I can imagine a setup like this;
1) host device allocates host memory appropriate for usage with host
video decoder,
2) guest driver allocates arbitrary guest pages for storage
accessible to the guest software,
3) guest userspace writes input for the decoder to guest pages,
4) guest driver passes the list of pages for the input and output
buffers to the host device
5) host device copies data from input guest pages to host buffer
6) host device runs the decoding
7) host device copies decoded frame to output guest pages
8) guest userspace can access decoded frame from those pages; back to 3
Is that something you have in mind?
>
> Referencing virtio-gpu buffers needs a better plan than just re-using
> virtio-gpu resource handles. The handles are device-specific. What if
> there are multiple virtio-gpu devices present in the guest?
>
> I think we need a framework for cross-device buffer sharing. One
> possible option would be to have some kind of buffer registry, where
> buffers can be registered for cross-device sharing and get a unique
> id (a uuid maybe?). Drivers would typically register buffers on
> dma-buf export.
This approach could possibly let us handle this transparently to
importers, which would work for guest kernel subsystems that rely on
the ability to handle buffers like native memory (e.g. having a
sgtable or DMA address) for them.
How about allocating guest physical addresses for memory corresponding
to those buffers?

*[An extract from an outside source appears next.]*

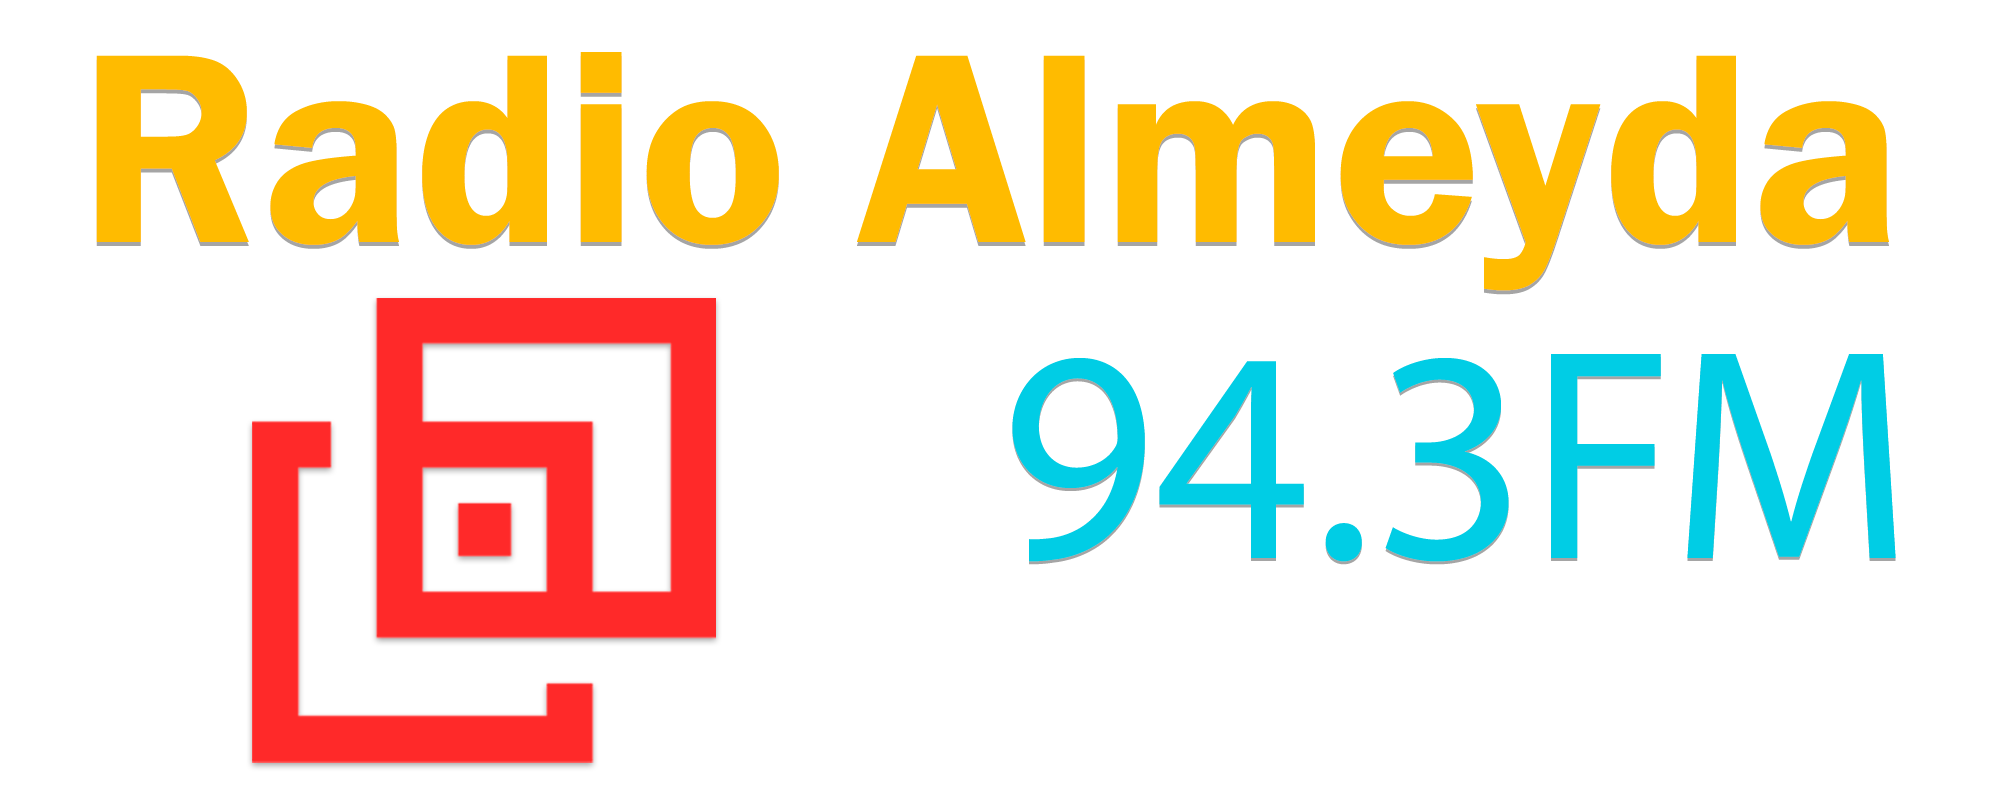 Radio Almeyda

On the virtio-gpu example, that could work like
this:
- by default a virtio-gpu buffer has only a resource handle,
- VIRTIO_GPU_RESOURCE_EXPORT command could be called to have the
virtio-gpu device export the buffer to a host framework (inside the
VMM) that would allocate guest page addresses for it, which the
command would return in a response to the guest,
- virtio-gpu driver could then create a regular DMA-buf object for
such memory, because it's just backed by pages (even though they may
not be accessible to the guest; just like in the case of TrustZone
memory protection on bare metal systems),
- any consumer would be able to handle such buffer like a regular
guest memory, passing low-level scatter-gather tables to the host as
buffer descriptors - this would nicely integrate with the basic case
without buffer sharing, as described above.
Another interesting side effect of the above approach would be the
ease of integration with virtio-iommu. If the virtio master device is
put behind a virtio-iommu, the guest page addresses become the input
to iommu page tables and IOVA addresses go to the host via the virtio
master device protocol, inside the low-level scatter-gather tables.
What do you think?
Best regards,
Tomasz
>
> Another option would be to pass around both buffer handle and buffer
> owner, i.e. instead of "u32 handle" have something like this:
>
> struct buffer_reference {
> enum device_type; /* pci, virtio-mmio, ... */
> union device_address {
> struct pci_address pci_addr;
> u64 virtio_mmio_addr;
> [ ... ]
> };
> u64 device_buffer_handle; /* device-specific, virtio-gpu could use
> resource ids here */
> };
>
> cheers,
> Gerd
>
Re: [virtio-dev] [PATCH] [RFC RESEND] vdec: Add virtio video decode device specification
Hi,
> Our prototype implementation uses [4], which allows the virtio-vdec
> device to use buffers allocated by virtio-gpu device.
> [4] https://lkml.org/lkml/2019/9/12/157
Well. I think before even discussing the protocol details we need a
reasonable plan for buffer handling. I think using virtio-gpu buffers
should be an optional optimization and not a requirement. Also the
motivation for that should be clear (Let the host decoder write directly
to virtio-gpu resources, to display video without copying around the
decoded framebuffers from one device to another).
Referencing virtio-gpu buffers needs a better plan than just re-using
virtio-gpu resource handles. The handles are device-specific. What if
there are multiple virtio-gpu devices present in the guest?
I think we need a framework for cross-device buffer sharing. One
possible option would be to have some kind of buffer registry, where
buffers can be registered for cross-device sharing and get a unique
id (a uuid maybe?). Drivers would typically register buffers on
dma-buf export.
Another option would be to pass around both buffer handle and buffer
owner, i.e. instead of "u32 handle" have something like this:
struct buffer_reference {
enum device_type; /* pci, virtio-mmio, ... */
union device_address {
struct pci_address pci_addr;
u64 virtio_mmio_addr;
[ ... ]
};
u64 device_buffer_handle; /* device-specific, virtio-gpu could use
resource ids here */
};
cheers,
Gerd